=== Dataset content ===
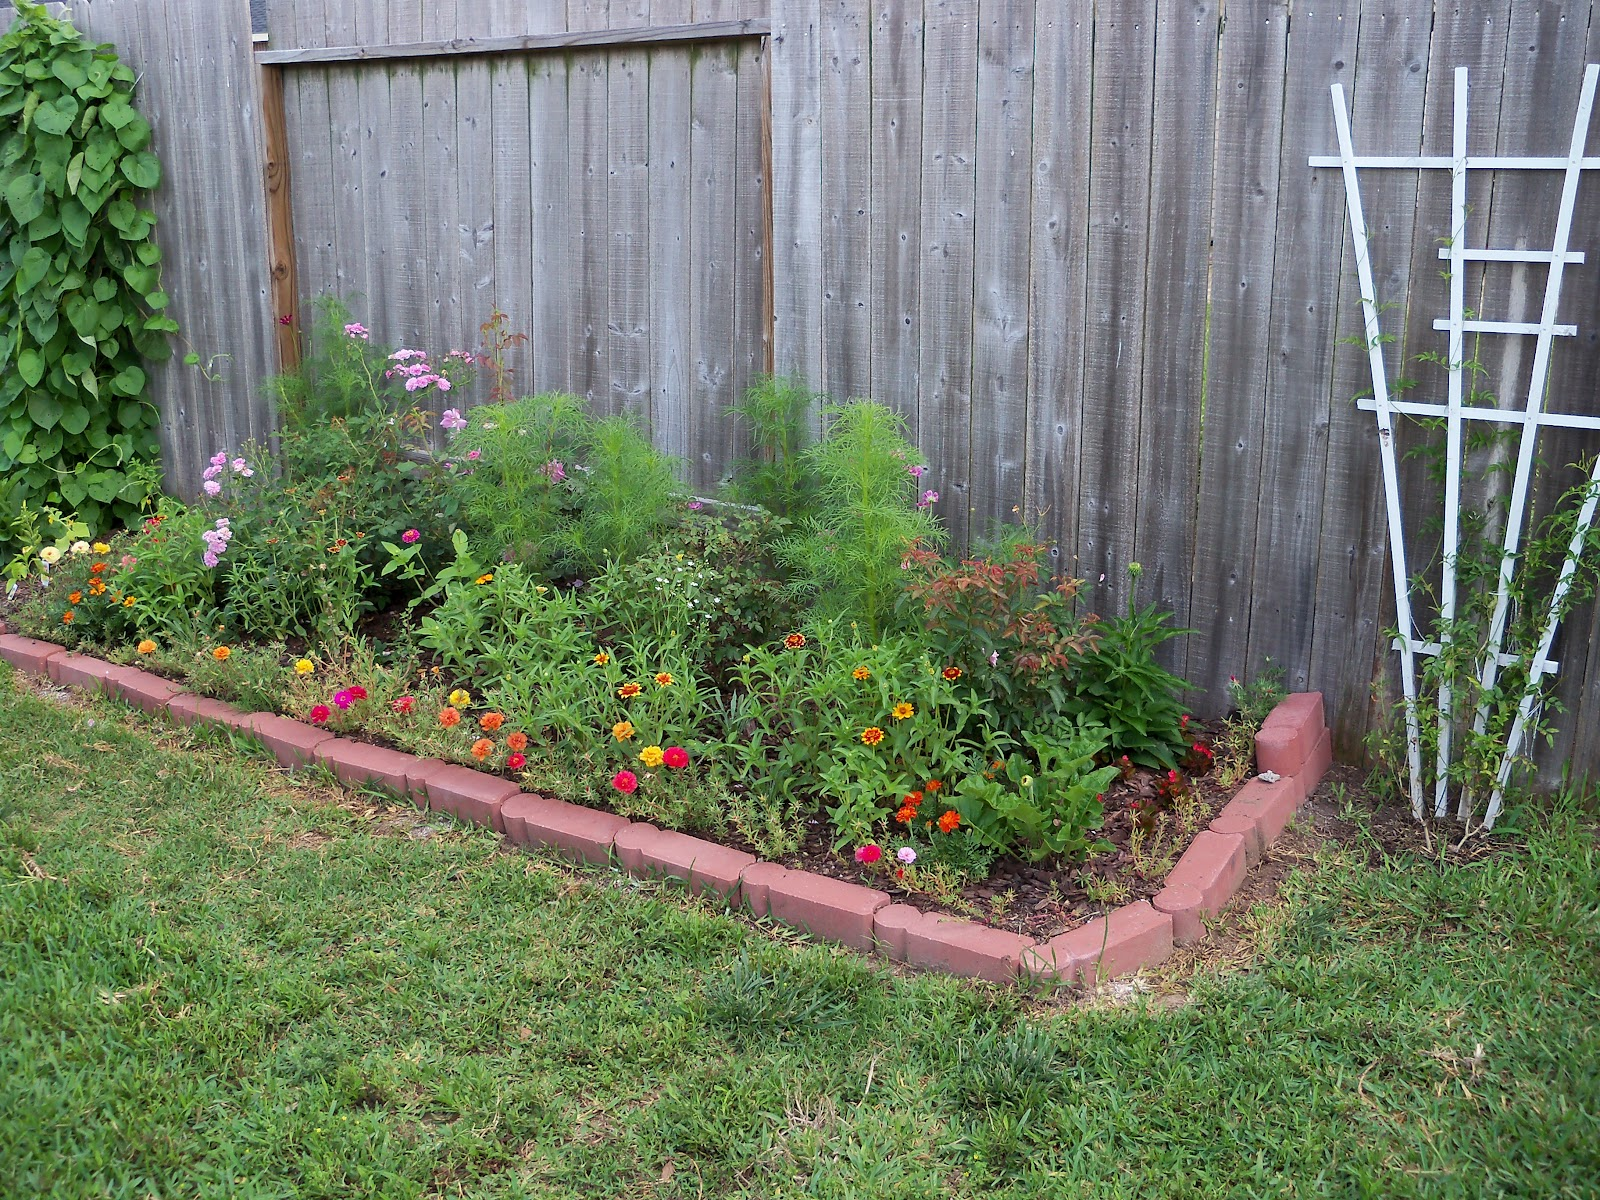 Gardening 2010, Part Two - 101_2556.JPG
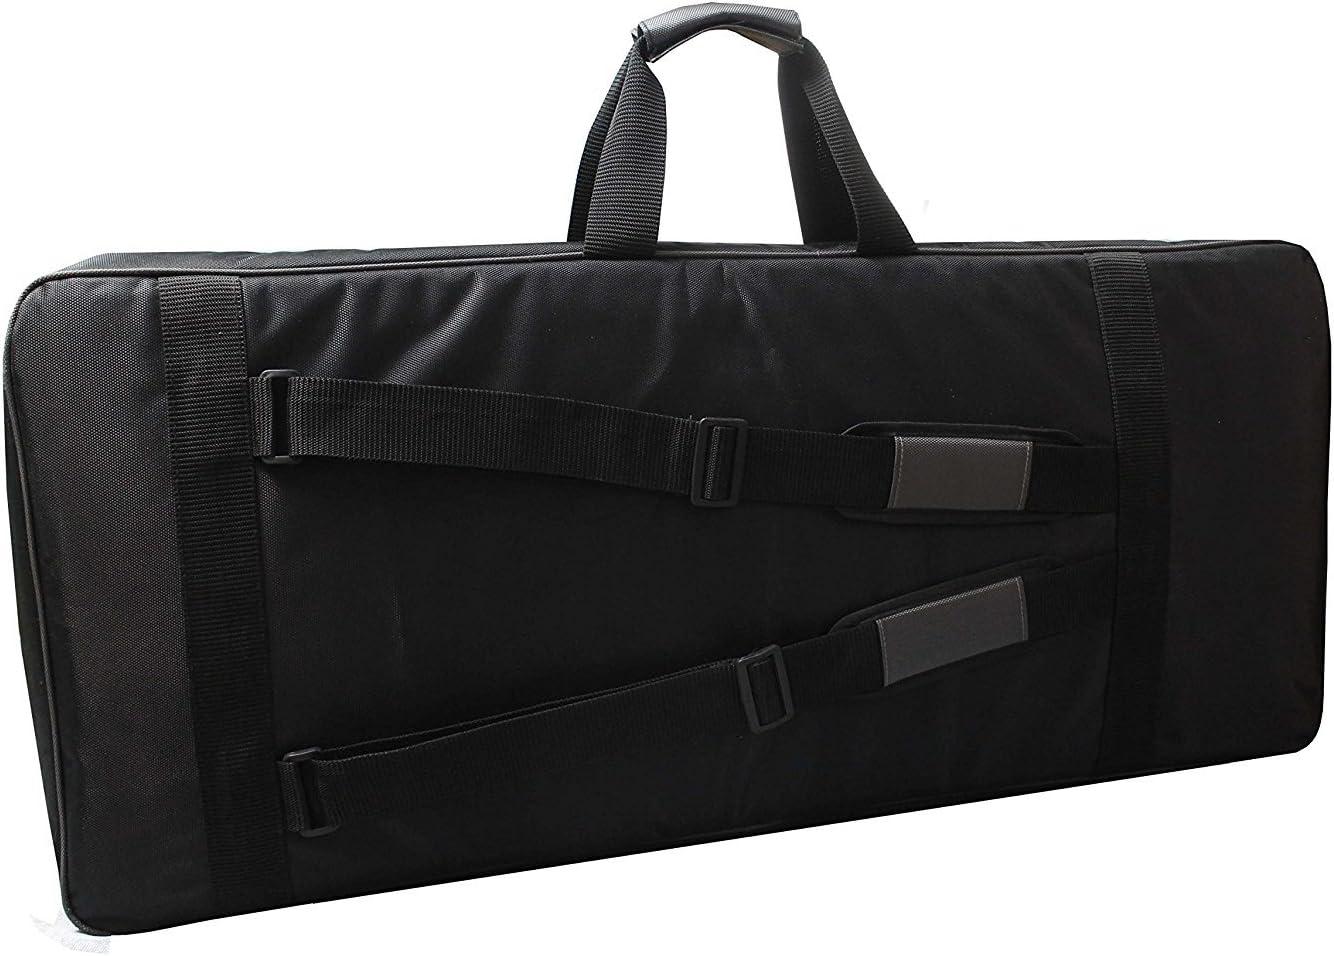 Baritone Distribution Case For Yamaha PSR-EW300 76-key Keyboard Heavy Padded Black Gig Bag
--
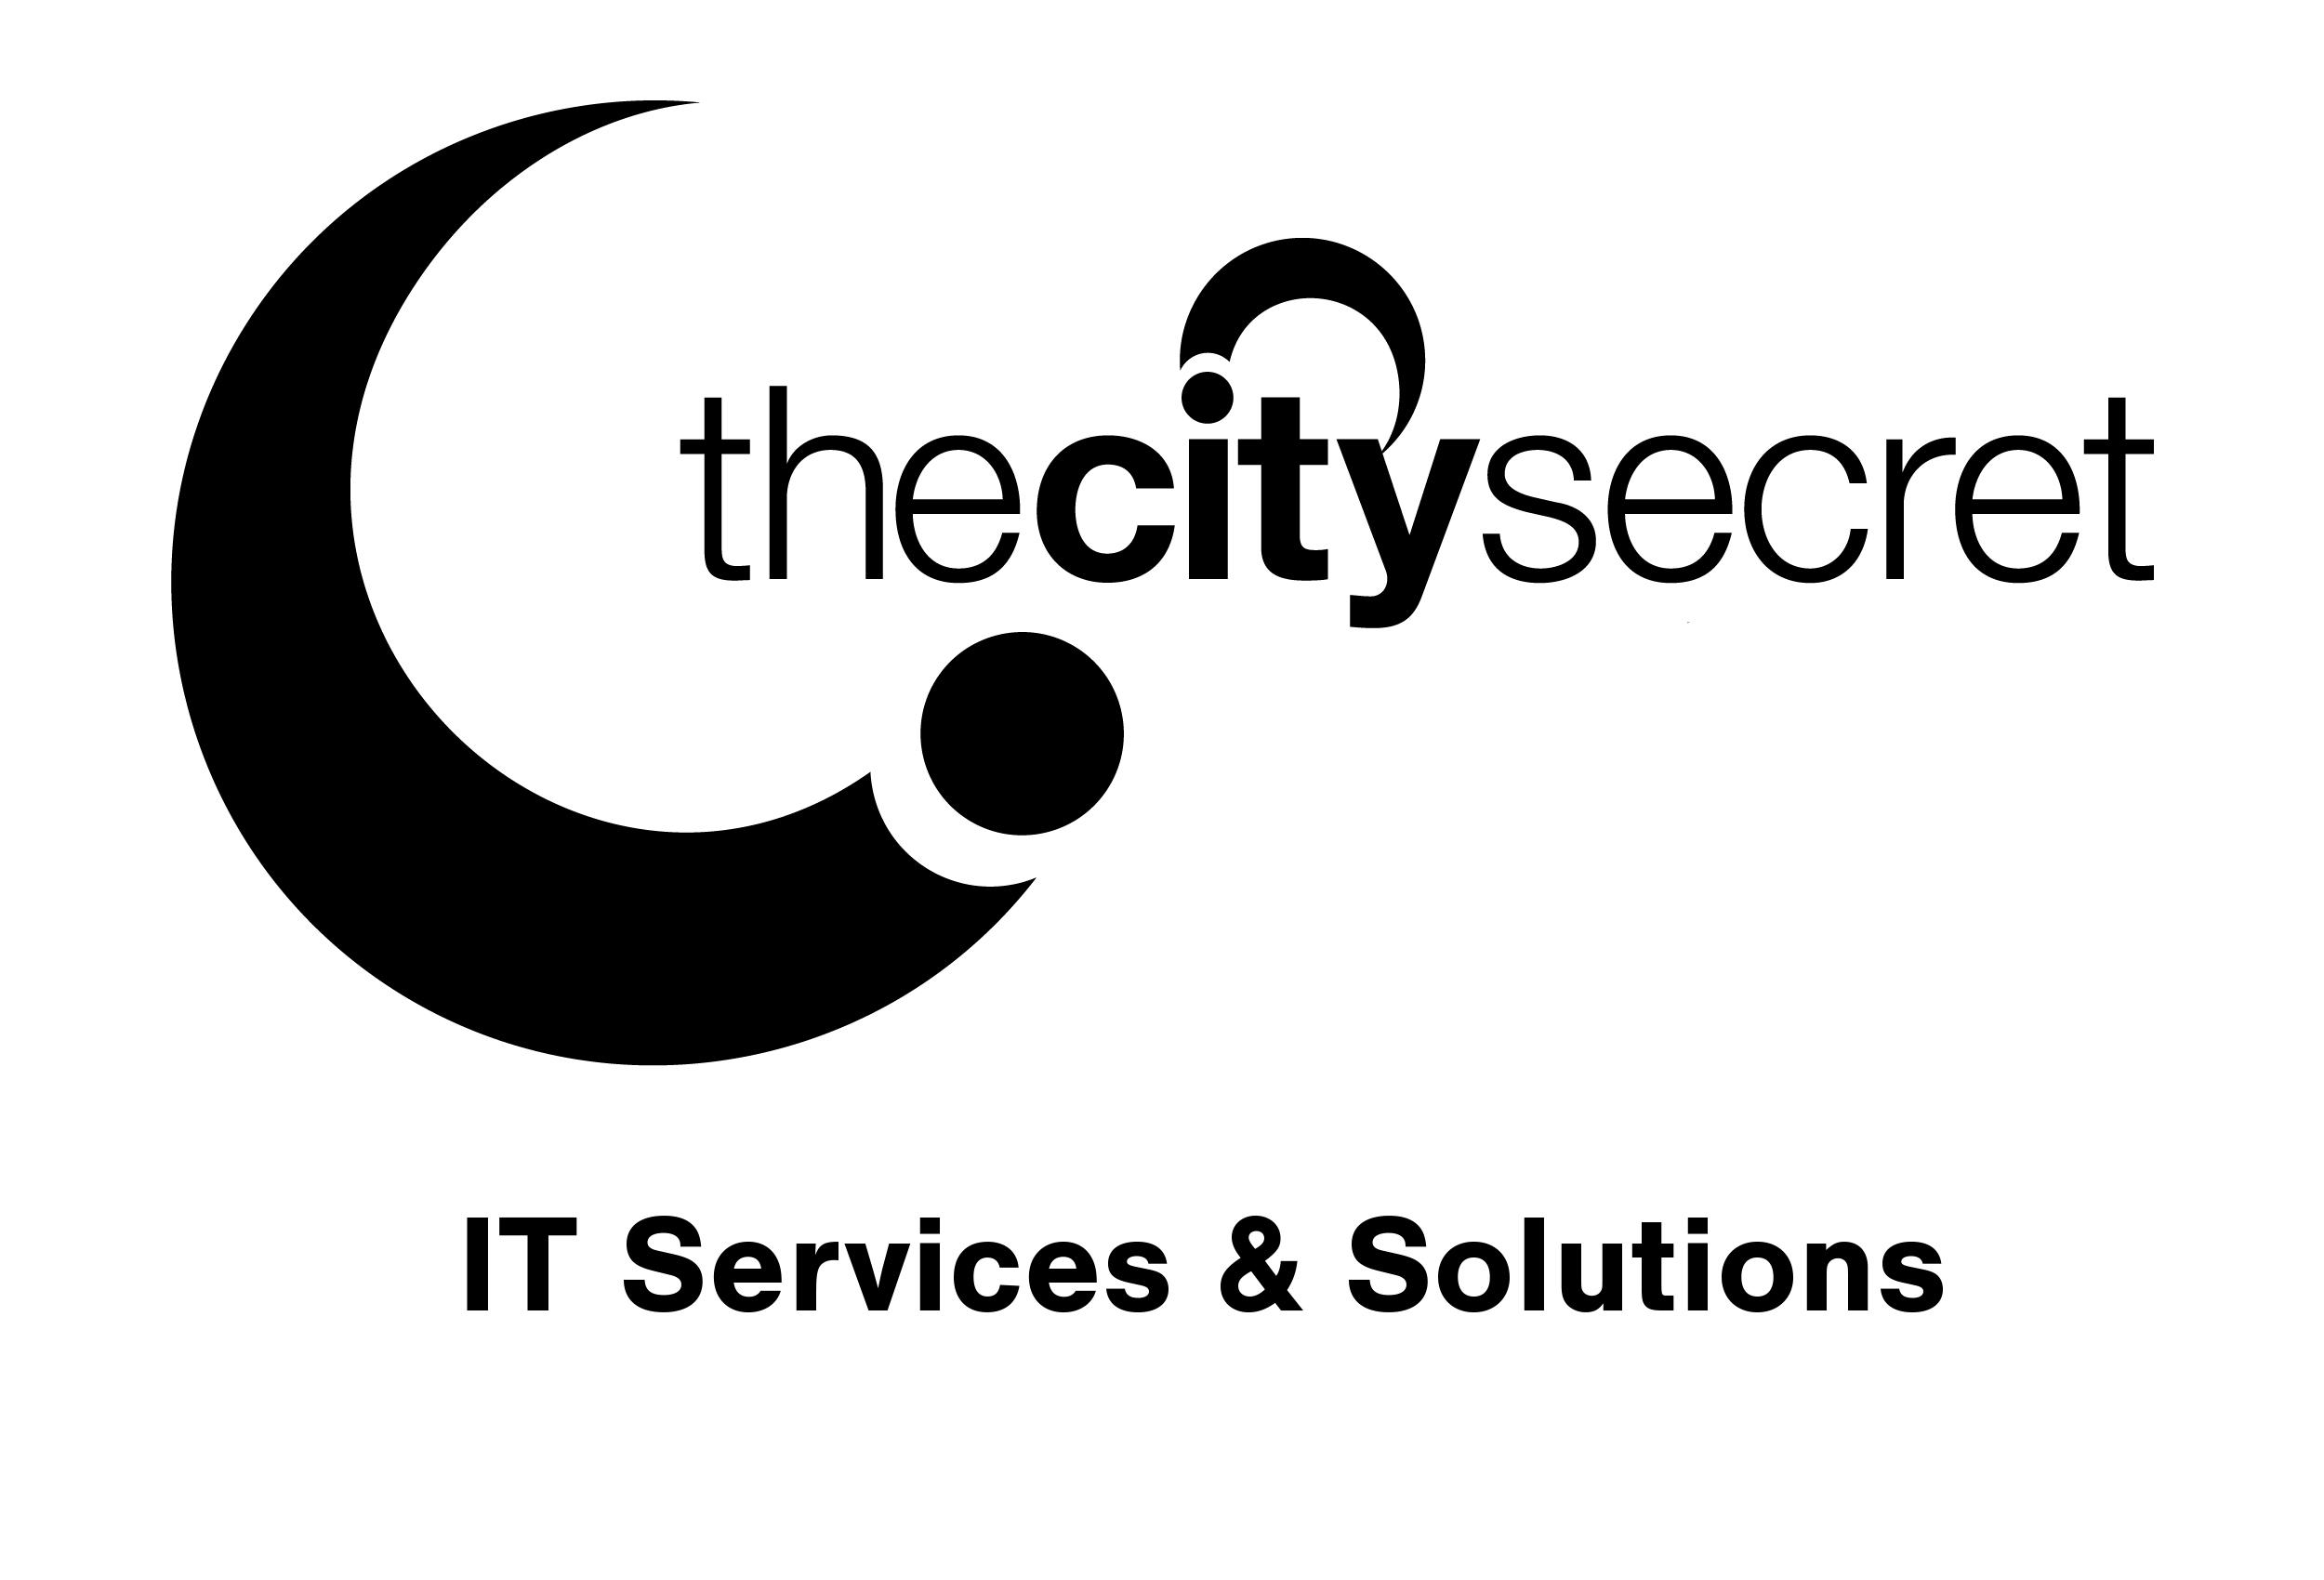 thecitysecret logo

=== What you have to do ===
When copying from the data above, print only the lines from the line containing "Gardening 2010, Part Two - 101_2556.JPG" to the line containing "Baritone Distribution Case", exactly, and leave the pictures out.

=== Task response ===
 Gardening 2010, Part Two - 101_2556.JPG
 Baritone Distribution Case For Yamaha PSR-EW300 76-key Keyboard Heavy Padded Black Gig Bag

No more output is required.